Published March 06, 2014        by Rae Ann

Easter Bunny

While Easter has always been an intensely religious holiday, many of the celebrations that surround the holiday in today’s society are far more secular than religious. The brightly colored eggs, the bunny who hides them, and even the Easter baskets themselves have very little to do with the religious portion of the ceremony. Wondering how a big bunny fits into this holy day on the Christian calendar? The origins actually date back to Germany in the 1500s.

Pre-Christian Germany

Spring was long known as the season of rebirth, and one of the most fertile symbols of the season was a rabbit. It’s been said that one of Germany’s pagan goddesses named Ostara used the rabbit as a symbol. The story goes that she would turn birds into a rabbit to entertain the children. The rabbit would then lay eggs to give to the children as presents.

Ostara, though, isn’t the only name you may see. There are a variety of different names for her in the history books including Eostre and Eostra. There have even been suggestions that she didn’t exist. Instead, some say, the Venerable Bede invented her in one of his books.

Early Recordings

While it’s not clear exactly when the tradition of the Easter Bunny began to mix with the growing trend of Christianity, there is some evidence that by the 15th century, it was already becoming a stronger symbol. At the time, it remained a simple symbol of the holiday.

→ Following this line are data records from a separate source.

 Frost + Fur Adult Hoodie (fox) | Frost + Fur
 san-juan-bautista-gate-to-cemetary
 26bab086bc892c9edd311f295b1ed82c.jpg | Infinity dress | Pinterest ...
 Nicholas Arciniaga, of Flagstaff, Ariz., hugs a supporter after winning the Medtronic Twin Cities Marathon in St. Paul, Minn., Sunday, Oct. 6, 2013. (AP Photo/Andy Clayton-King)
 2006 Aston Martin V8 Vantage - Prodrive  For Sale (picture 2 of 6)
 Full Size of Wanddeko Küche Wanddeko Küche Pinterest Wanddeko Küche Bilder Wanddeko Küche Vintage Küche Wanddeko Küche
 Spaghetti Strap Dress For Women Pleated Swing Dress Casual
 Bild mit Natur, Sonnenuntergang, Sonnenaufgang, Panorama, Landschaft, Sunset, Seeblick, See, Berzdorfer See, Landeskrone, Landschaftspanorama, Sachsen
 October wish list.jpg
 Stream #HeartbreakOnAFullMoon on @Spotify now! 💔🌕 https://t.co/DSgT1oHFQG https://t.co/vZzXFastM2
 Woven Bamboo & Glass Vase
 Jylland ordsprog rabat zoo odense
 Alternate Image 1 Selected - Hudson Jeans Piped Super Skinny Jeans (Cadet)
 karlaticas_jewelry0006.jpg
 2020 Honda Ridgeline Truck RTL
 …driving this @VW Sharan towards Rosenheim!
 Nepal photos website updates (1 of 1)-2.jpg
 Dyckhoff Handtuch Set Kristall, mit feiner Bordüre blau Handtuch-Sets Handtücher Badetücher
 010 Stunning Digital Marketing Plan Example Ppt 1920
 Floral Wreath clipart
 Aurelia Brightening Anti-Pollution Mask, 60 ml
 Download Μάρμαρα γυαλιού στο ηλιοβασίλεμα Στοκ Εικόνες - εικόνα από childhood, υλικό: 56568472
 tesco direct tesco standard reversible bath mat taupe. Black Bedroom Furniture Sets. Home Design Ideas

In the mid-1700s, German settlers were moving into the American colonies, and with them came the traditional bunny symbol. Young children at the time thought the bunny, dubbed Oschter Haws, would lay a nest of eggs, brightly colored, if the children were good. By the time of the Civil War, the tradition was spreading throughout the U.S. fairly quickly.

By the 1800s, Germans were beginning to produce edible bunnies to help celebrate the holiday. The first bunnies were pastries, but from there, the tradition began to spread heavily. Eventually, pastries turned to the chocolate bunnies so many look forward to today.

The Added Traditions

The Easter Bunny has a number of add-on traditions, many of which have been part of the tradition from the early days. From the earliest recordings, eggs have been part of the story of the Easter Bunny. They were even colorful at the time. While the eggs have long since morphed into plastic eggs filled with treats, they remain an important part of the holiday. Wondering why eggs were the choice?  They’re not only a symbol of fertility, but they were also plentiful as spring came around. They were colored with a variety of natural materials in the early days.

The Easter baskets are a big part of this story, too. The story originally included a nest that children made for the Easter Bunny. The nests were initially made from a boy’s cap or a girl’s bonnet, which may have led to the tradition of elaborate bonnets for the girls. Slowly the nests morphed into baskets as the tradition continued to spread.

No matter where the Easter Bunny came from, this spring tradition is only getting bigger as it moves forward. While it may seem a spring Santa these days, the rich history suggests differently.